▶ [COLLECTED DATA]:
★ ★ ★ ★ ★ ★ ★

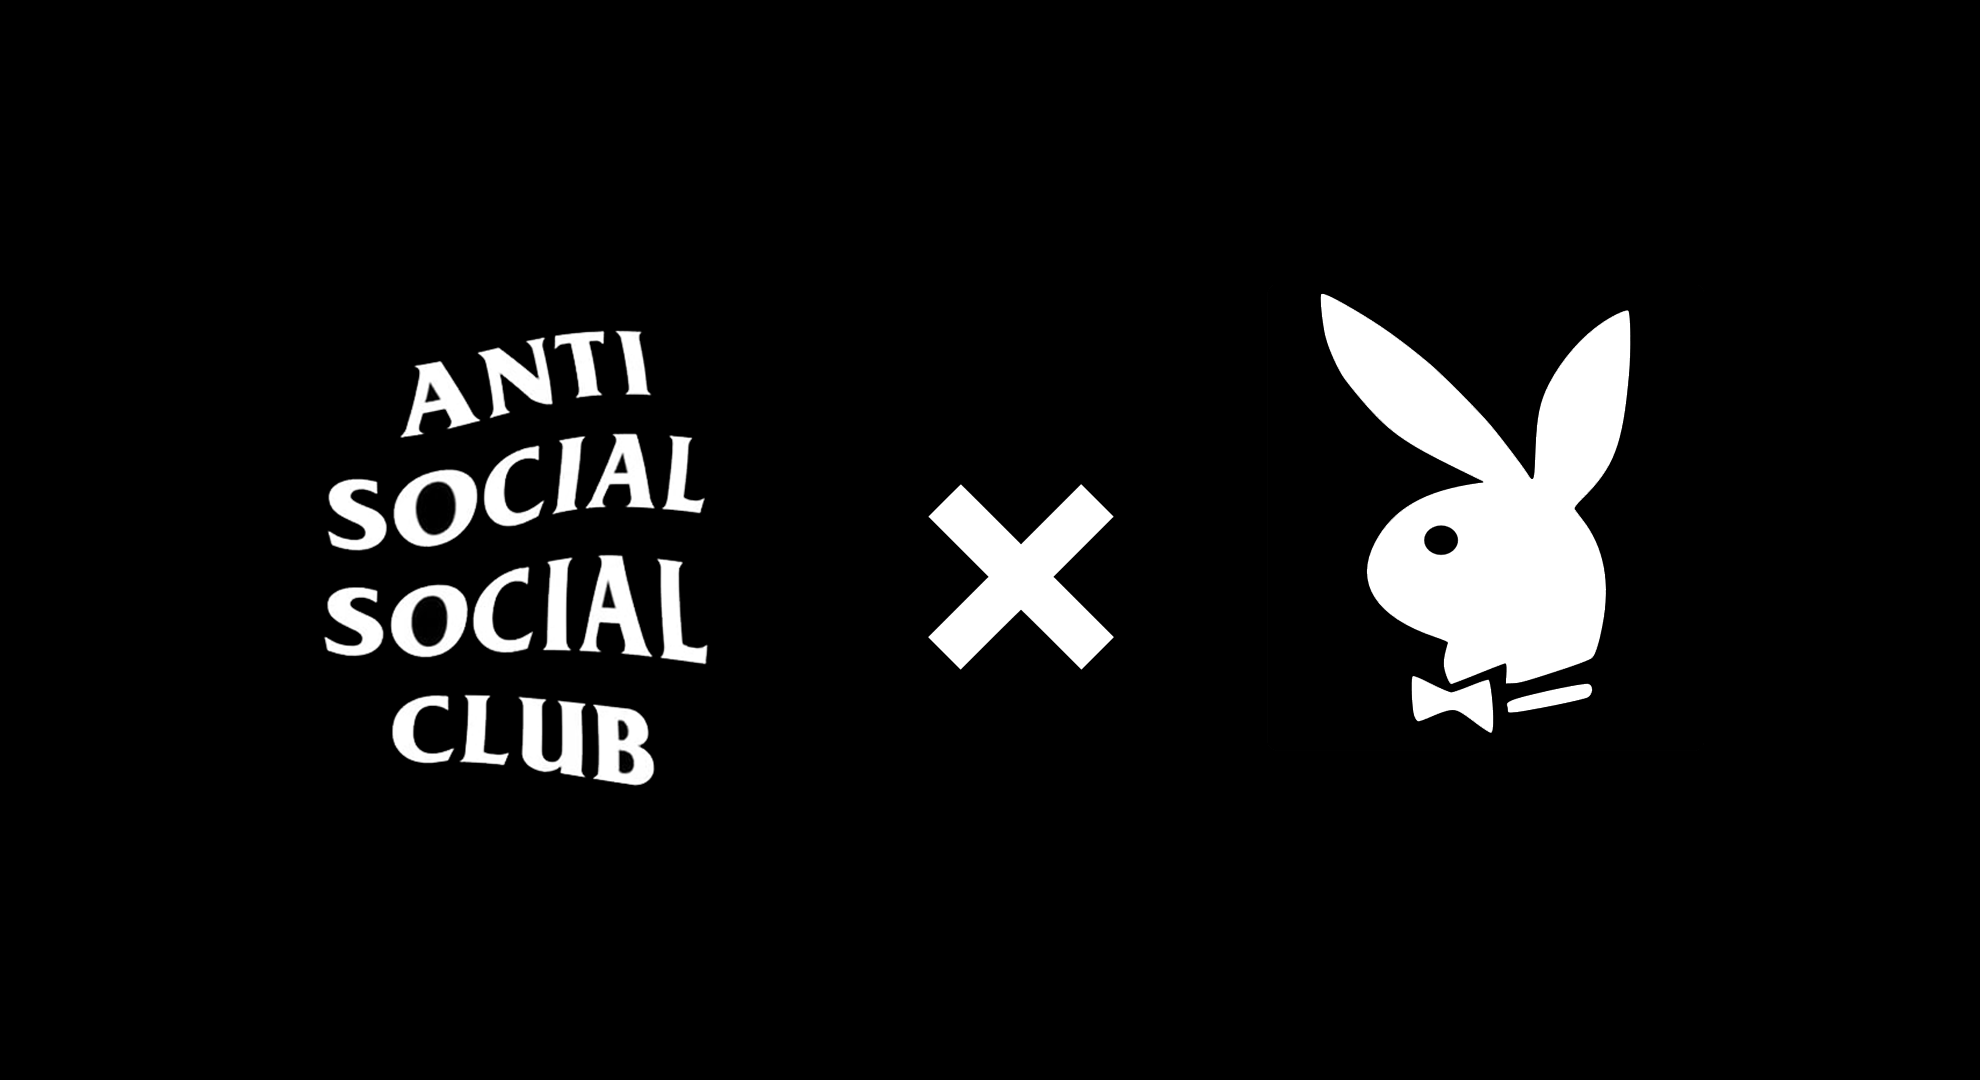 Anti Social Social Club  antisocialsocialclub  Instagram photos and  videos
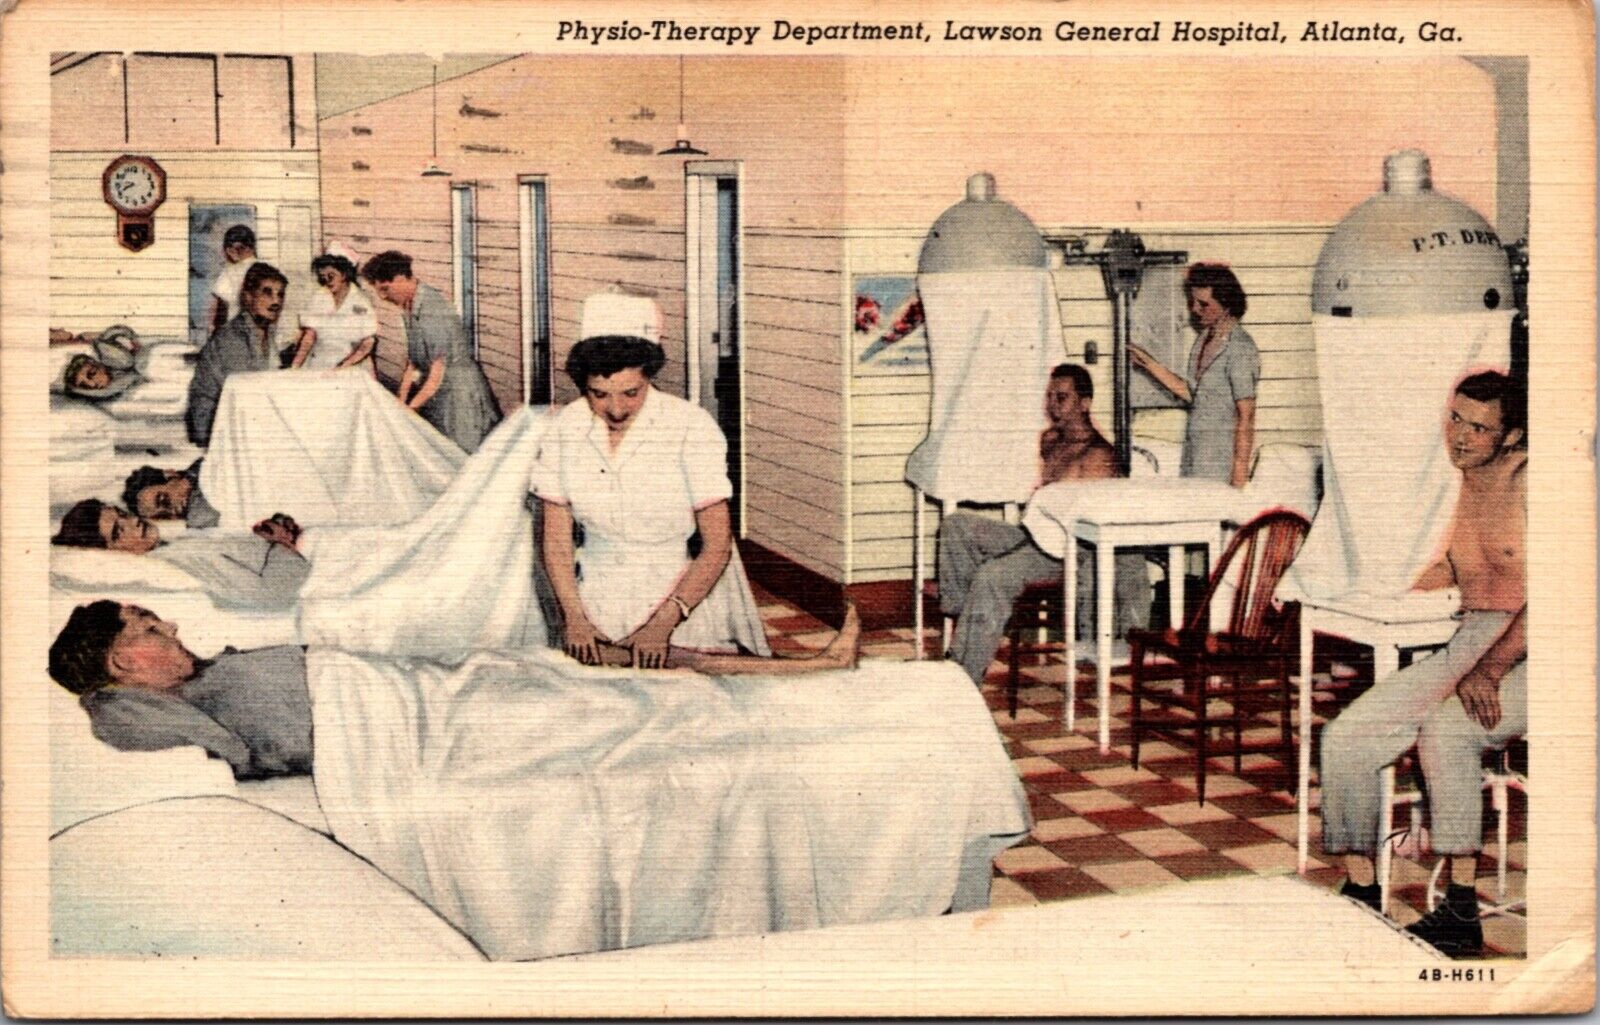 Linen PC Physio-Therapy Department Lawson General Hospital in Atlanta, Georgia
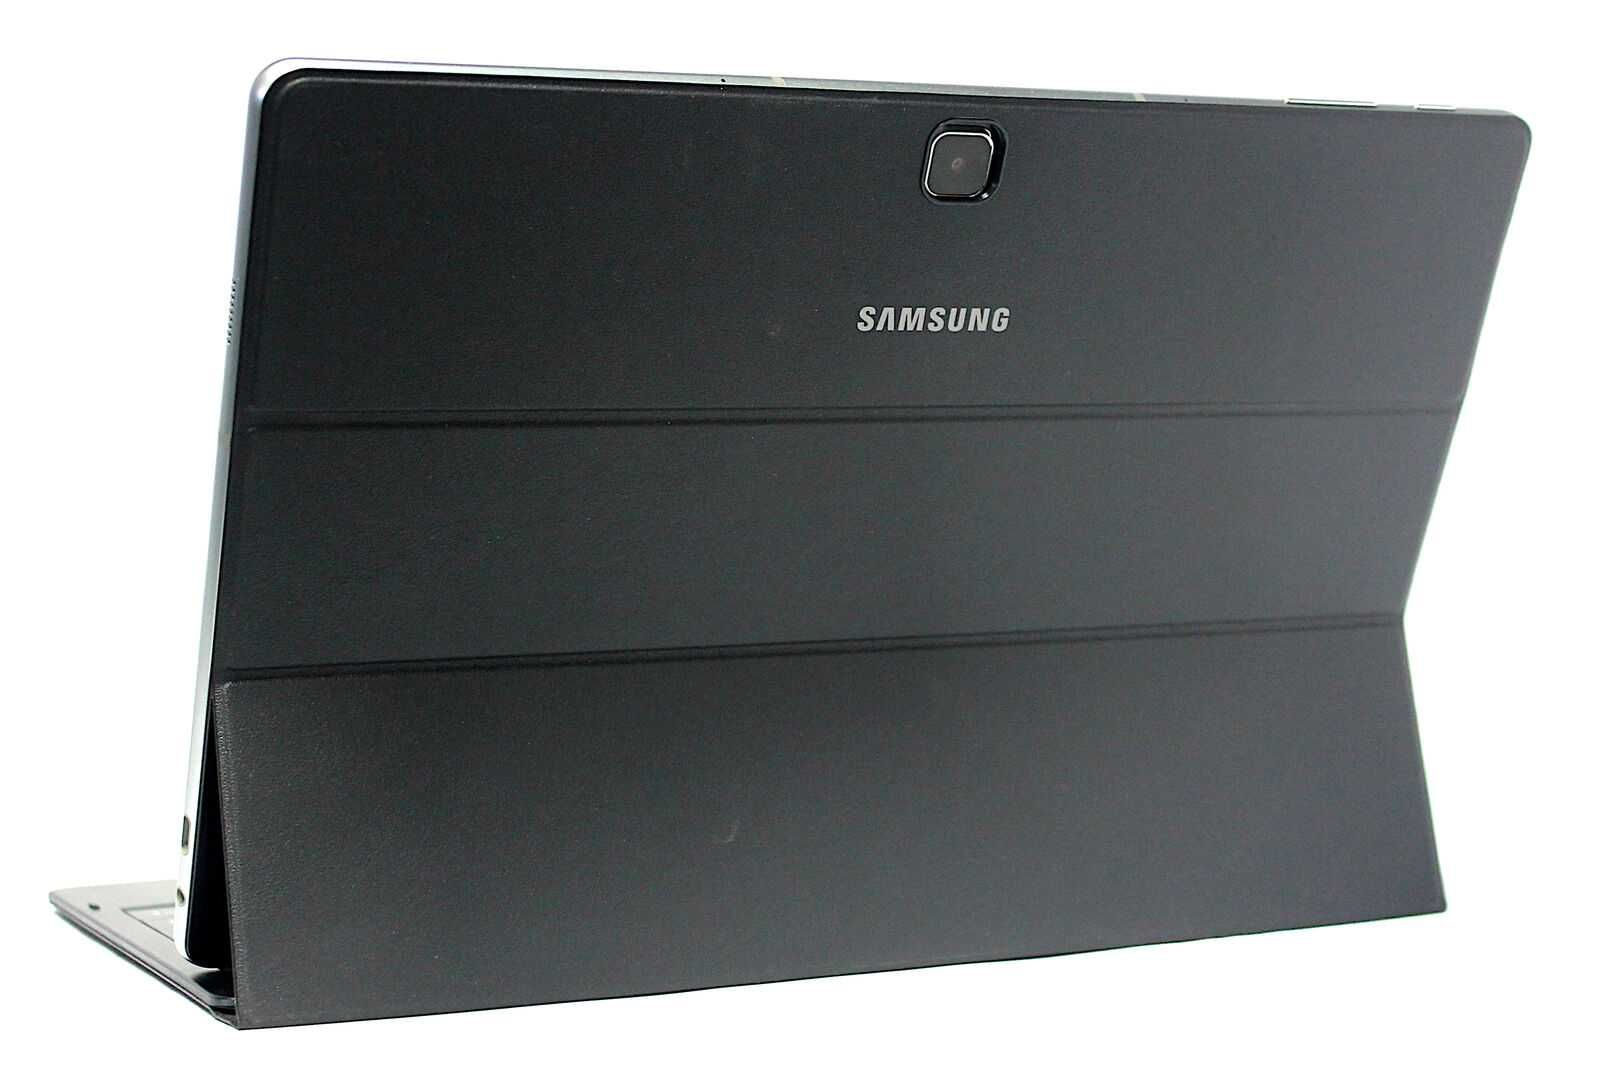 Samsung TabPro S
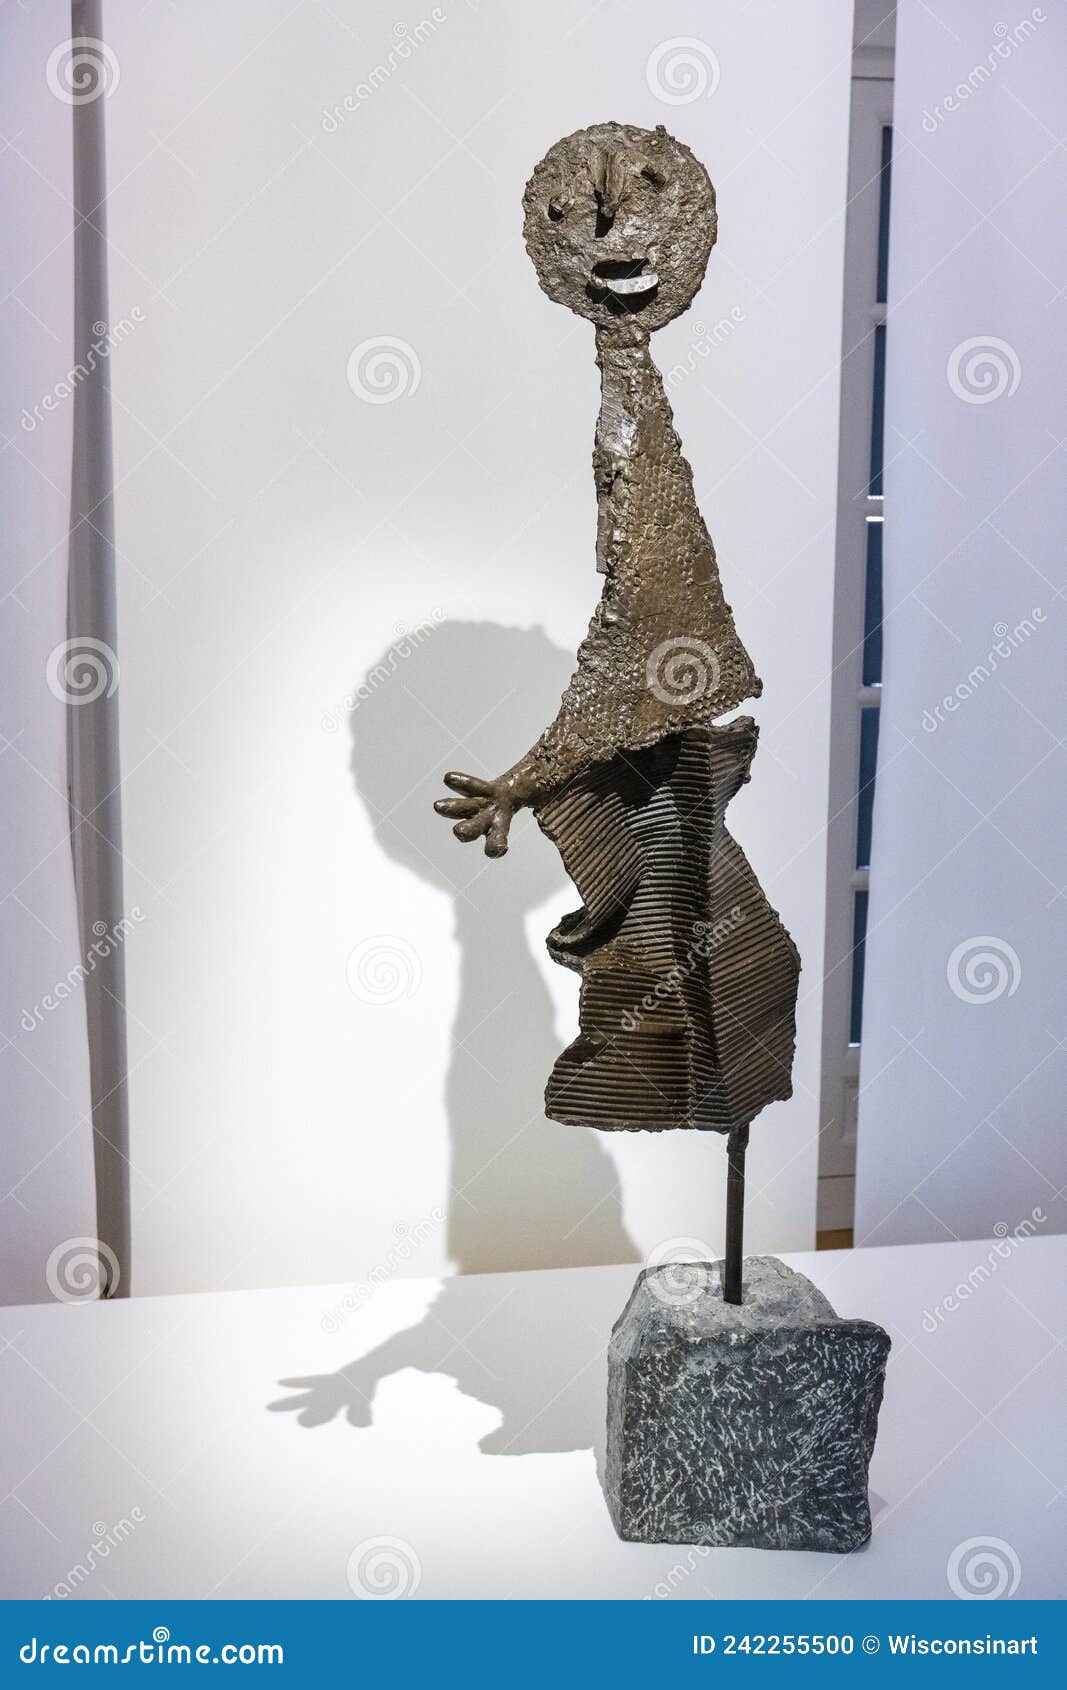 https://thumbs.dreamstime.com/z/pablo-picasso-statue-art-work-sculpture-pablo-picasso-statue-sculpture-titled-speaker-work-art-pablo-picasso-242255500.jpg

★ ★ ★ ★ ★ ★ ★

From the line containing "Samsung TabPro S" down to the end of the listing above, every line is to be returned exactly, though the pictures are not.

▶ [ANSWER FOR THE TASK]:
 Samsung TabPro S
 https://thumbs.dreamstime.com/z/pablo-picasso-statue-art-work-sculpture-pablo-picasso-statue-sculpture-titled-speaker-work-art-pablo-picasso-242255500.jpg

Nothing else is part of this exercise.